Where the listing shows an image, skip it and output all other material unchanged.

* _DATA_:
########################################

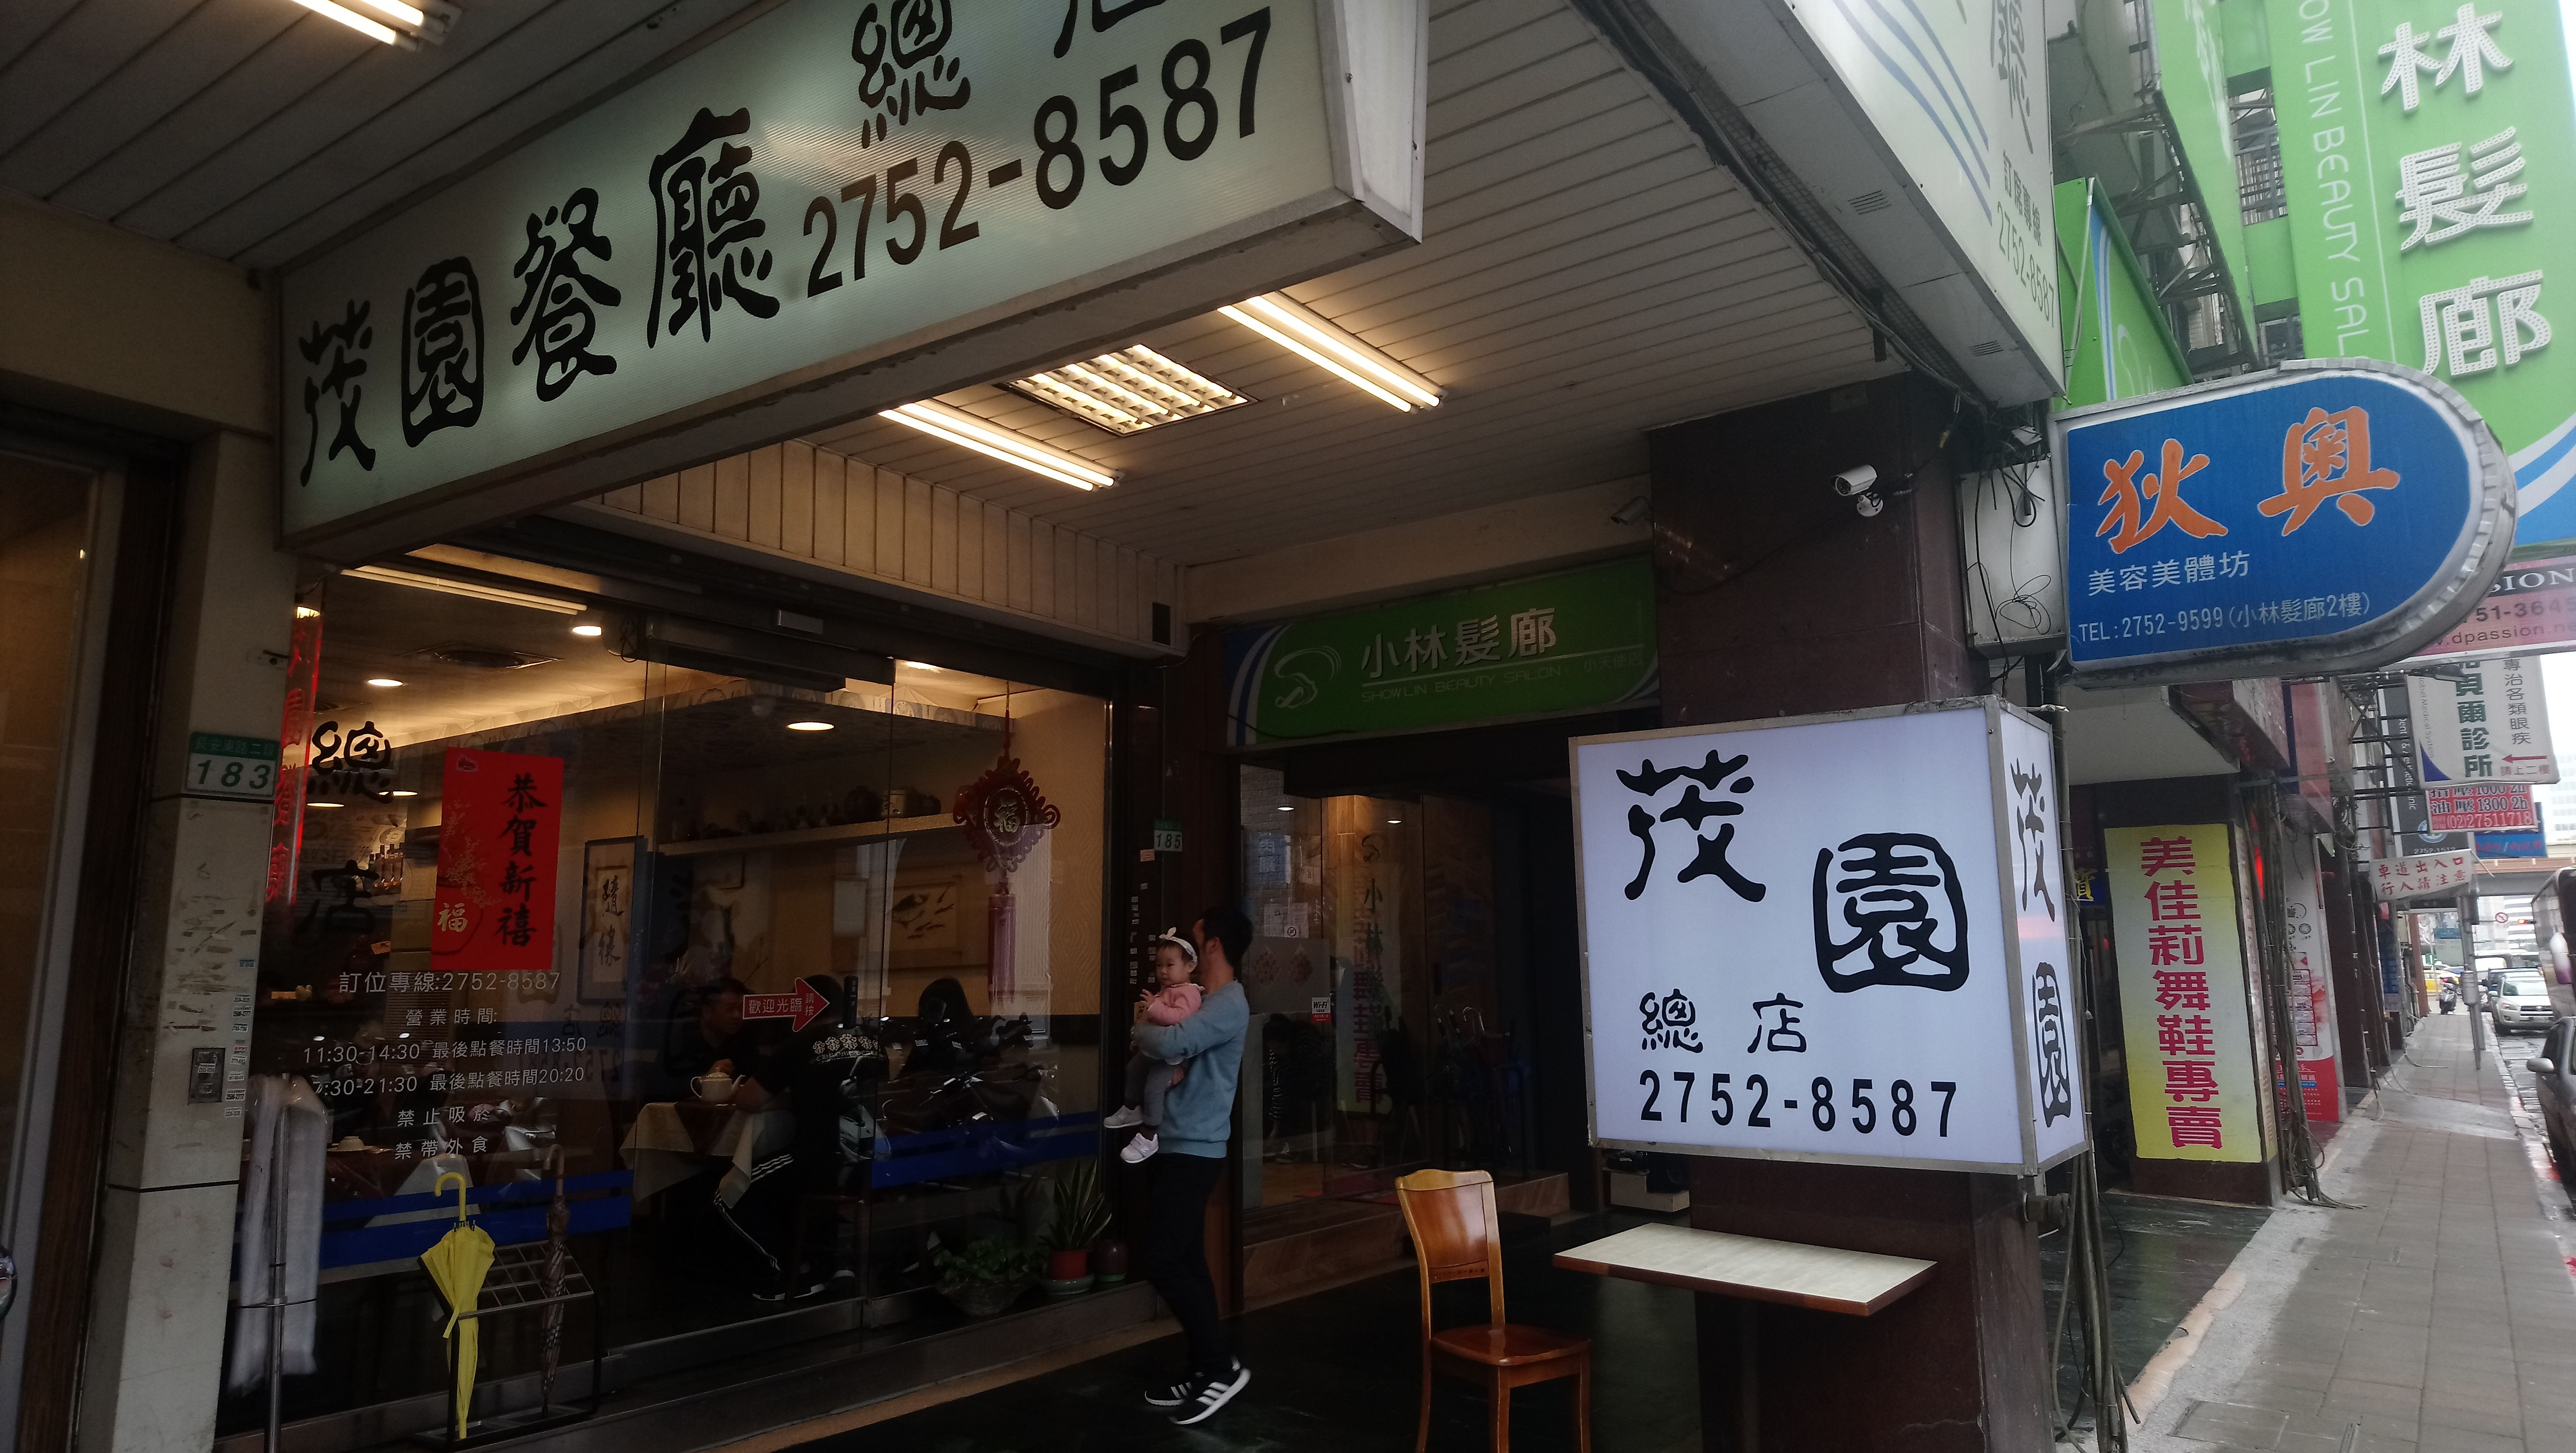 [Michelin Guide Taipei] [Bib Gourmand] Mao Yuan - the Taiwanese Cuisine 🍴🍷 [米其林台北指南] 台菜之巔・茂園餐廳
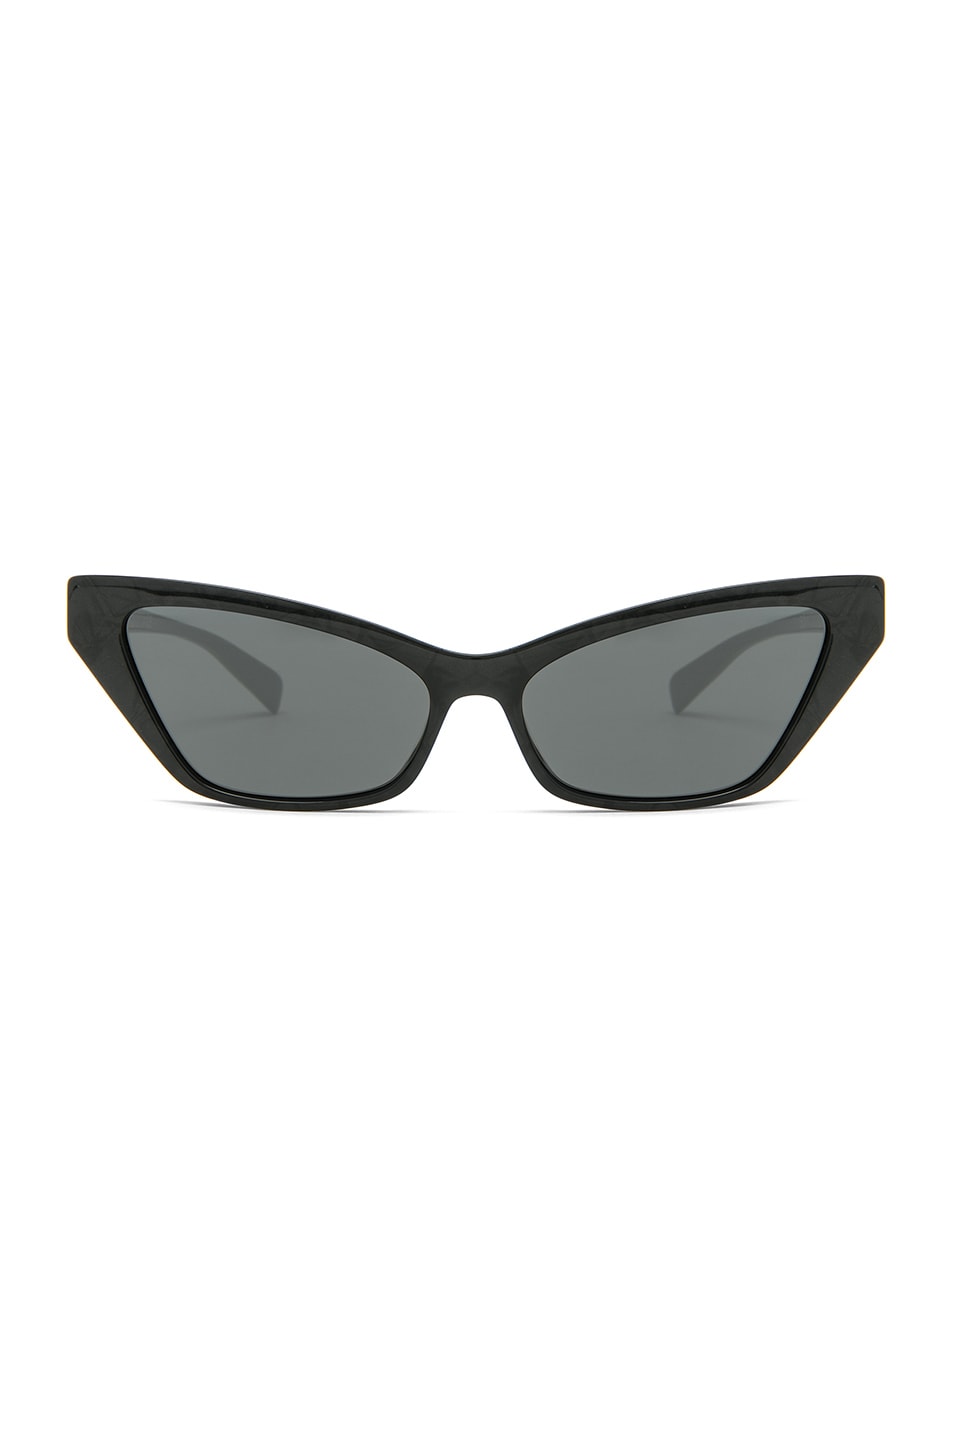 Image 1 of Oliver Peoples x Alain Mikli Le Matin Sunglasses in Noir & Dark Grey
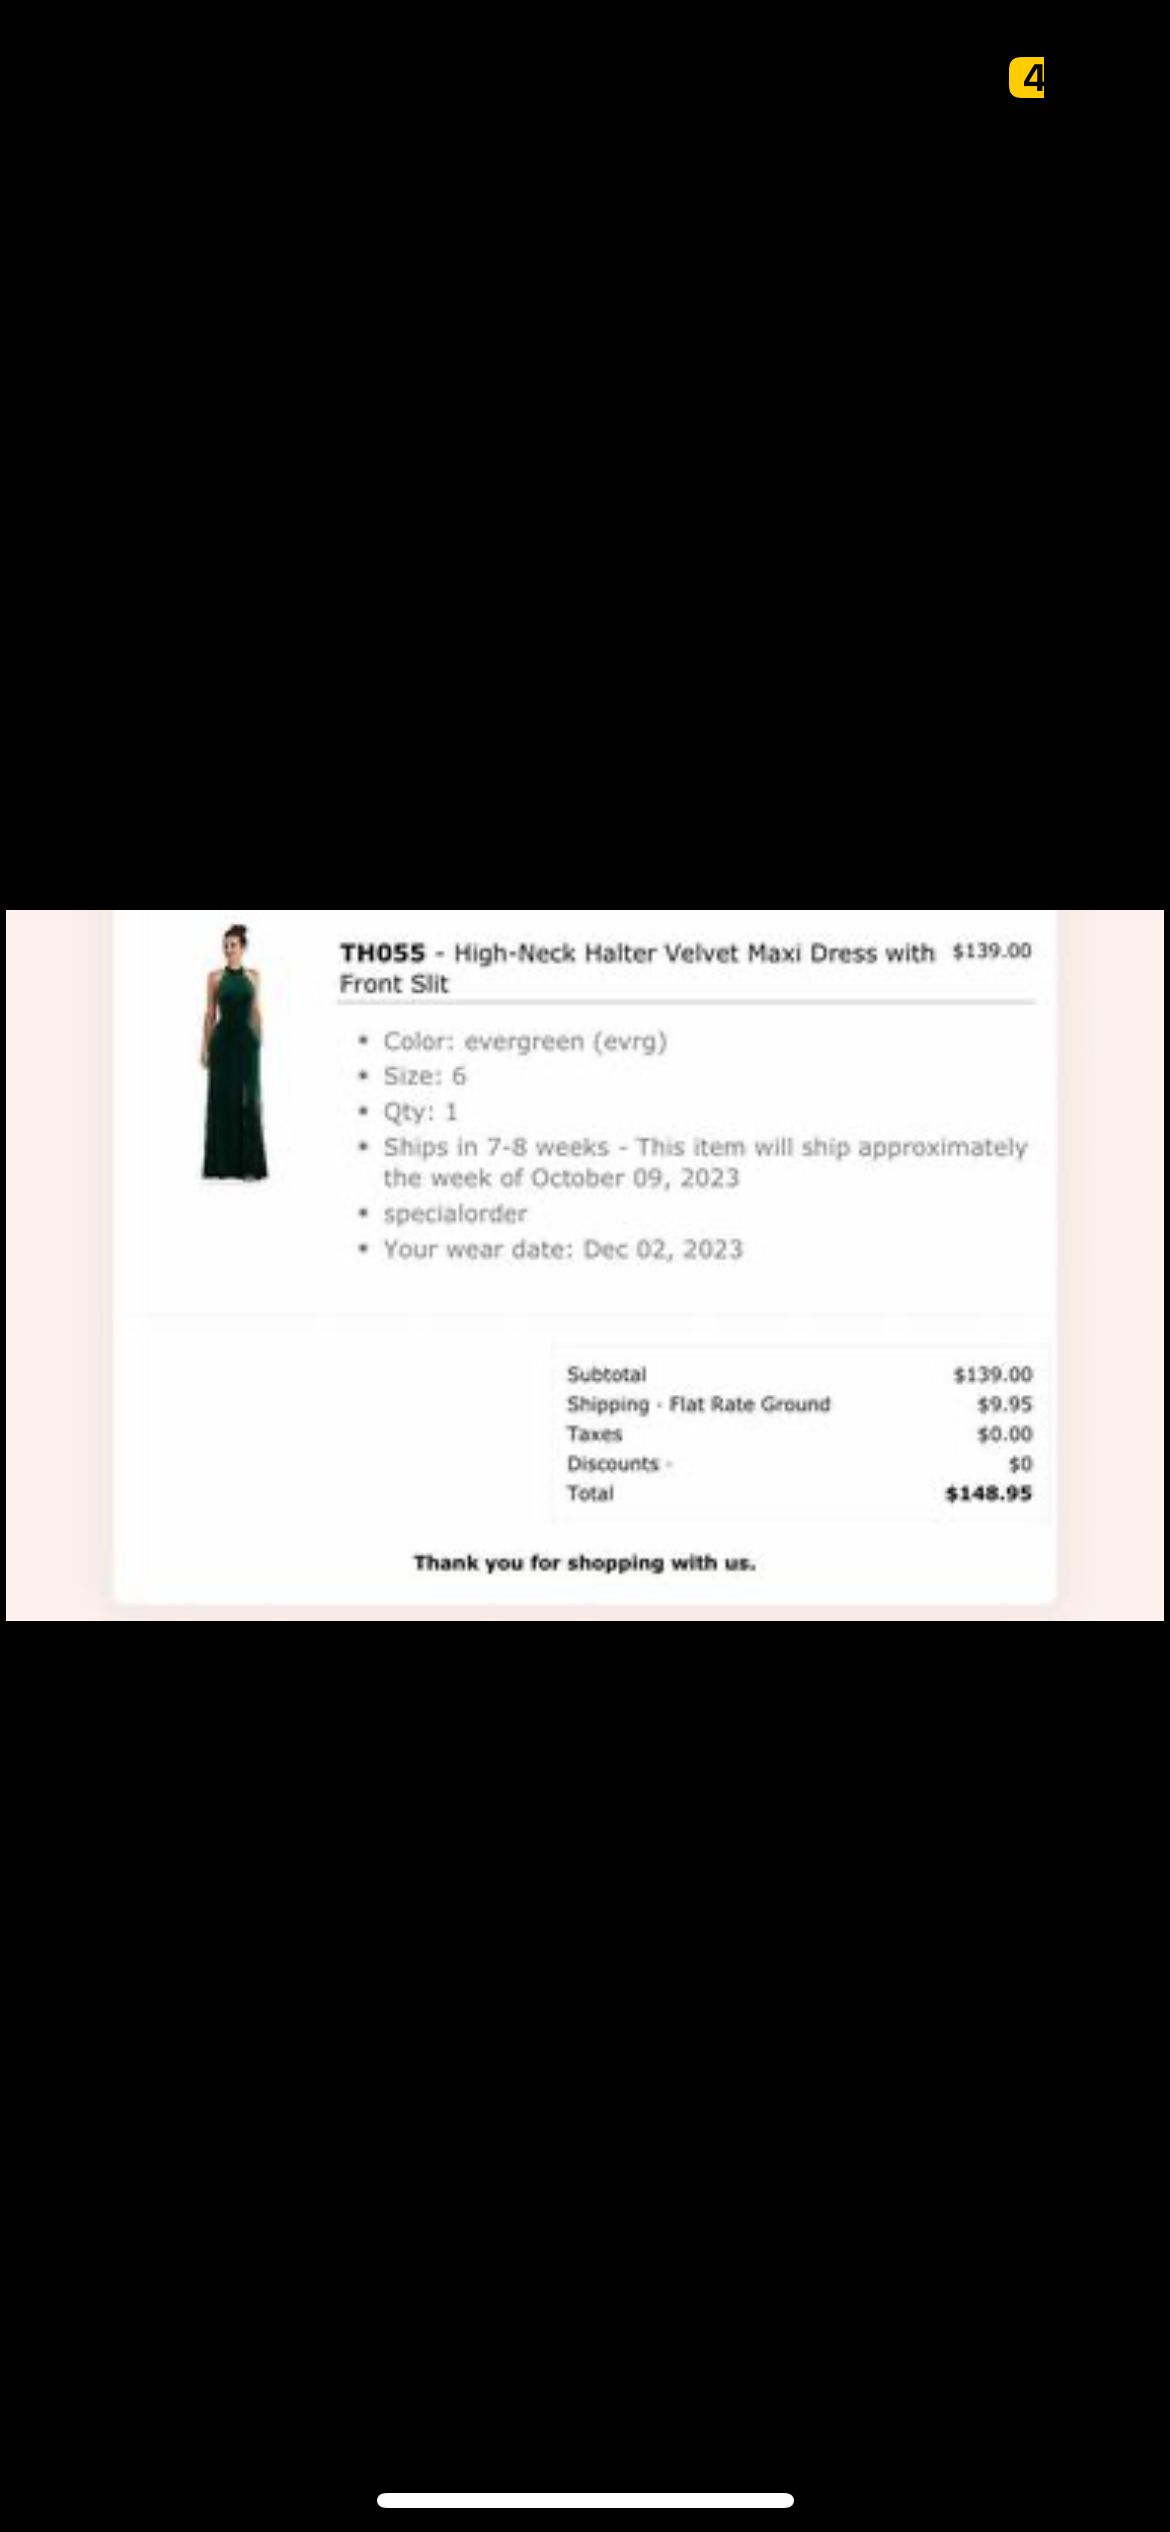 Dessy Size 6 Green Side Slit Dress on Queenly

########################################

* _ANSWER SPACE_:
 [Michelin Guide Taipei] [Bib Gourmand] Mao Yuan - the Taiwanese Cuisine 🍴🍷 [米其林台北指南] 台菜之巔・茂園餐廳
 Image 1 of Oliver Peoples x Alain Mikli Le Matin Sunglasses in Noir & Dark Grey
 Dessy Size 6 Green Side Slit Dress on Queenly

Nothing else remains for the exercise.